Mileto e Efeso (entrambi sulla costa dell’Asia minore) queste due città divennero famose perché la prima
vide nascere la filosofia greca; la seconda perché dove vi è situata una delle sette meraviglie del mondo, il
tempio di Artemide. Principali centri della Ionio si organizzarono in una confederazione religiosa chiamata
dodecapoli ionica, lega tra 12 città a scopo difensivo (funzione di reciproco sostegno contro eventuali
attacchi da parte delle popolazioni locali). Inoltre c’era il Paniònion (cioè “di tutti gli ioni” = santuario
comune). Dalla spedizione micenea contro la città di Troia prende origine una serie di racconti che narrano
le vicende di quella guerra in termini leggendari, come la grande impresa dove erano coinvolti sia gli
uomini che gli dei. Altre opere letterarie riguardano il ritorno in patria di eroi greci quando finalmente dopo
10 anni di lungo conflitto si è arrivati al termine (Odissea). Per molto tempo questi racconti vennero
tramandati in forma esclusivamente orale da esecutori specializzati detti aedi che li narravano
accompagnandosi con la musica alle corti dei signori oppure in occasione delle grandi festività religiose; le
storie si arricchivano di ulteriori episodi a seconda di ogni aedo.
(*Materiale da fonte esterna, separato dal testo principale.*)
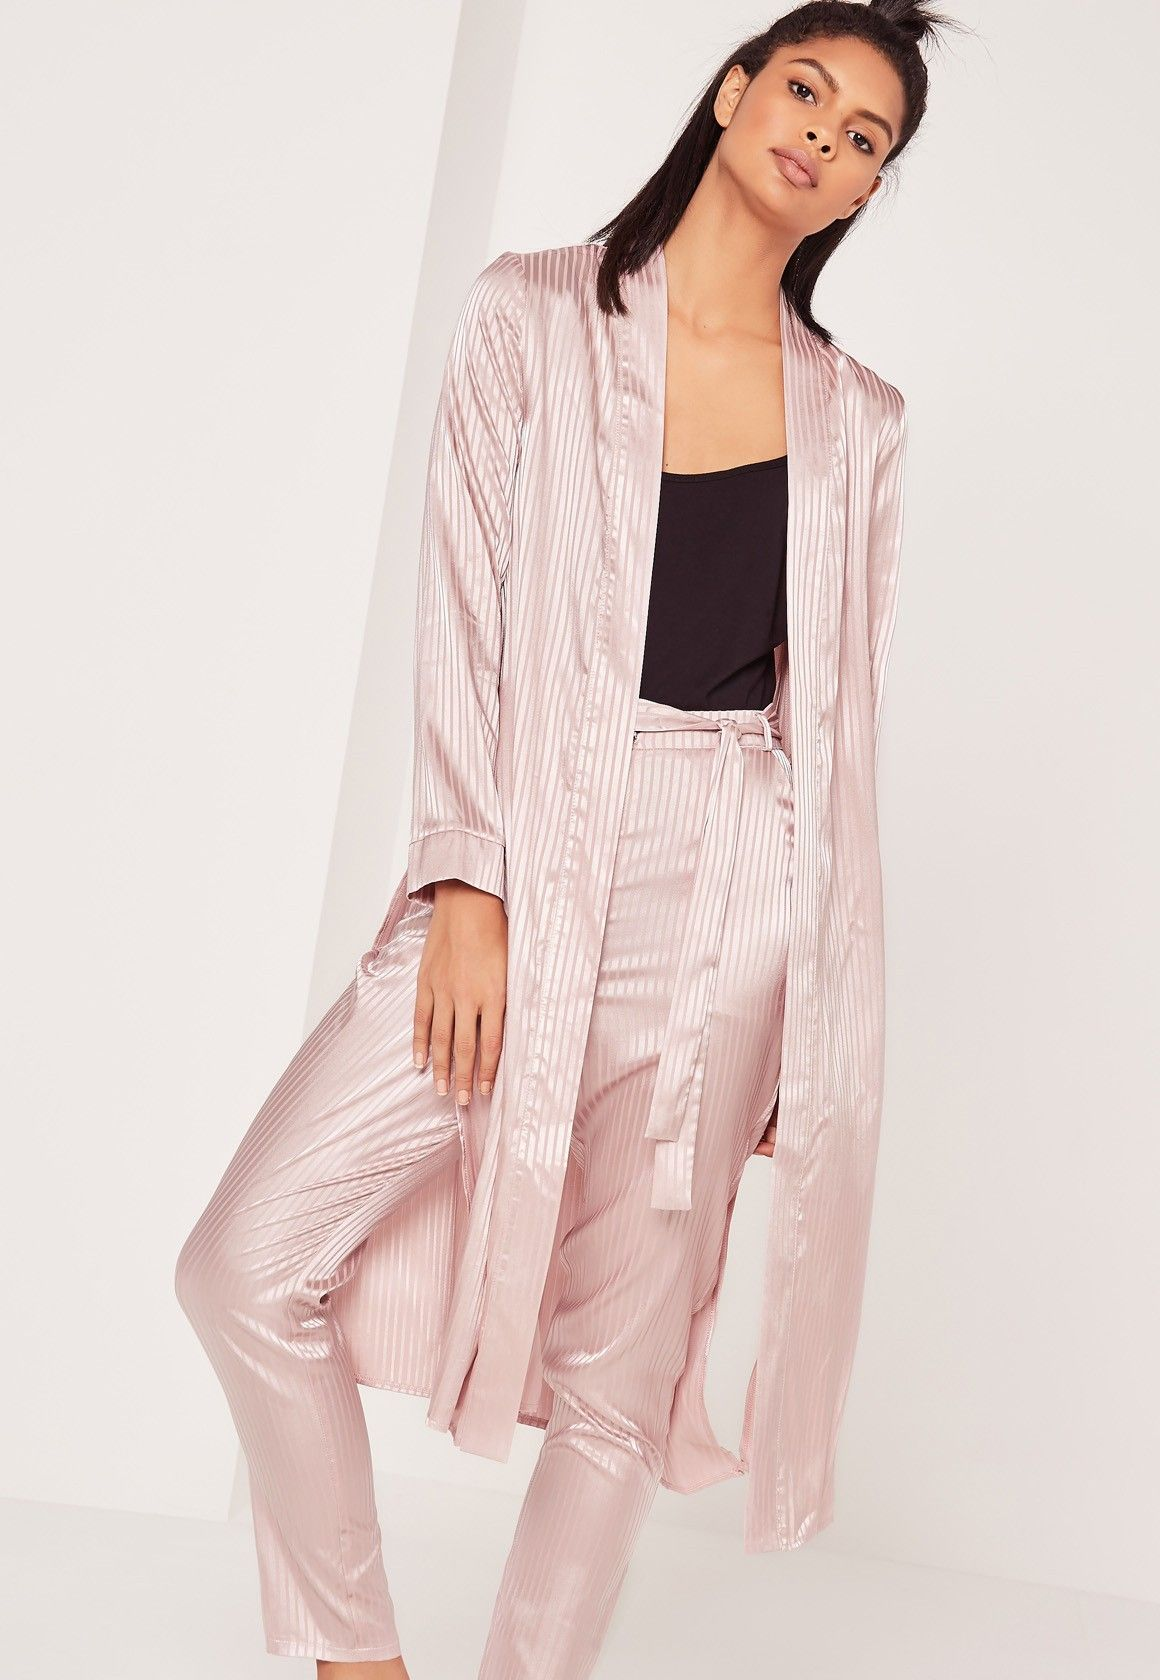 Missguided - Premium Silk Stripe Duster Jacket Pink | My Polyvore ...

Alla fine del medioevo ellenico qualcuno
mise insieme questi racconti collegandoli fra loro in una serie di poemi epici: si tratta dell’Iliade che narra
alcuni episodi dell’ultimo anno di guerra tra Greci e Troiani e dell’Odissea che racconta il lungo viaggio di
Odisseo (Odisseo poteva significare: cieco, ostaggio della poesia, discendente di Orfeo). I greci non avevano
un’idea chiara di come fossero nati i due poemi e quindi attribuirono a un poeta chiamato Omero che
immaginavano a sua volta come un aedo, è stato merito della filologia classica (disciplina che si dedica alla
ricostruzione dei testi a noi giunti dal mondo antico) l’aver intuito sin dalla fine del settecento che in realtà
l’Iliade e l’Odissea si erano formati attraverso un percorso durato secoli individuando all’interno dei poemi
tracce precise della loro originaria natura orale come l’uso di forme ricorrenti o di intere scene che si
ripetono che servivano a facilitarne la memorizzazione da parte dell’aedo; però l’idea dell’Odissea non sono
solo straordinarie opere di letteratura, ma anche preziosi fonti di informazioni sulla cultura e sulla società.
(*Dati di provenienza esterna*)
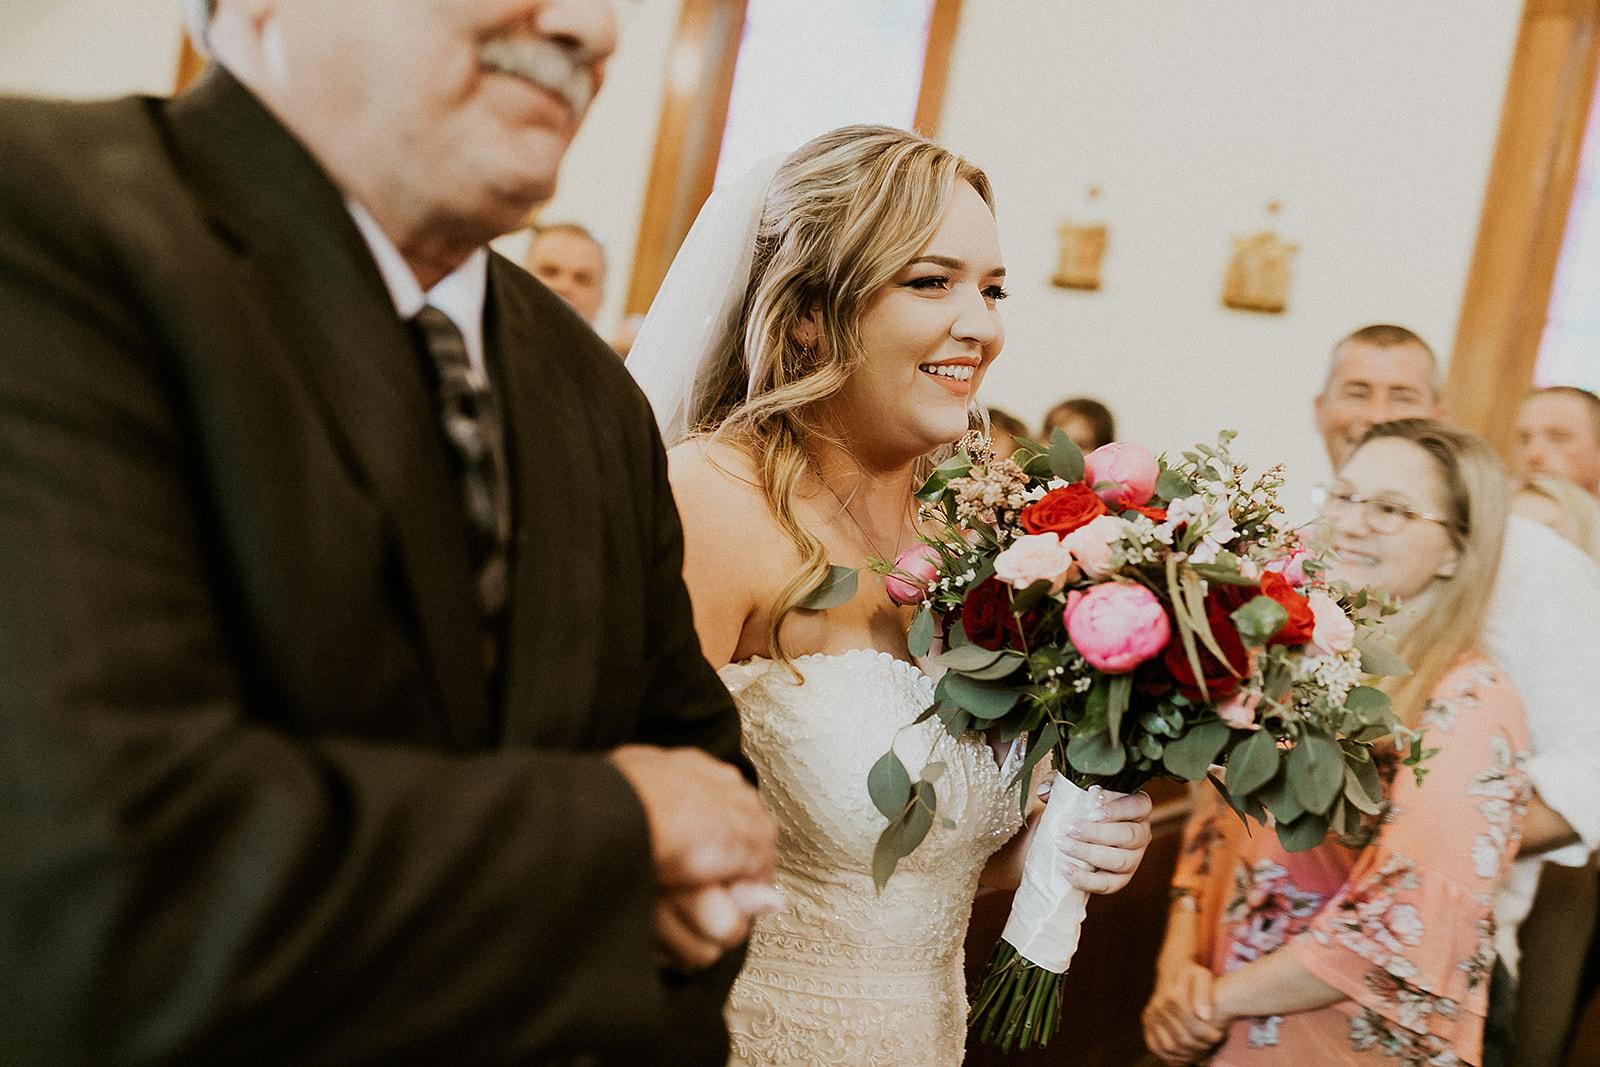 Molly & Tanner's Wedding

Omero intende infatti descrivere eventi che risalgono all’epoca dei micenei ma il tempo stesso sovrappone
racconto di quegli eventi, tratti e aspetti della civiltà greca. Essi inoltre venivano imparati a memoria da tutti
sino dall’infanzia e questo spiega perché ebbero un’influenza decisiva sulla letteratura successiva. Non
contenevano infatti solo il racconto di una guerra o di un ritorno; ma erano racchiusi i valori le norme e le
credenze religiose le conoscenze della civiltà greca. Ecco perché si è parlato dell’Iliade e dell’Odissea come
di un'enciclopedia tribale che racchiude tutto il sapere prodotto da un’intera civiltà.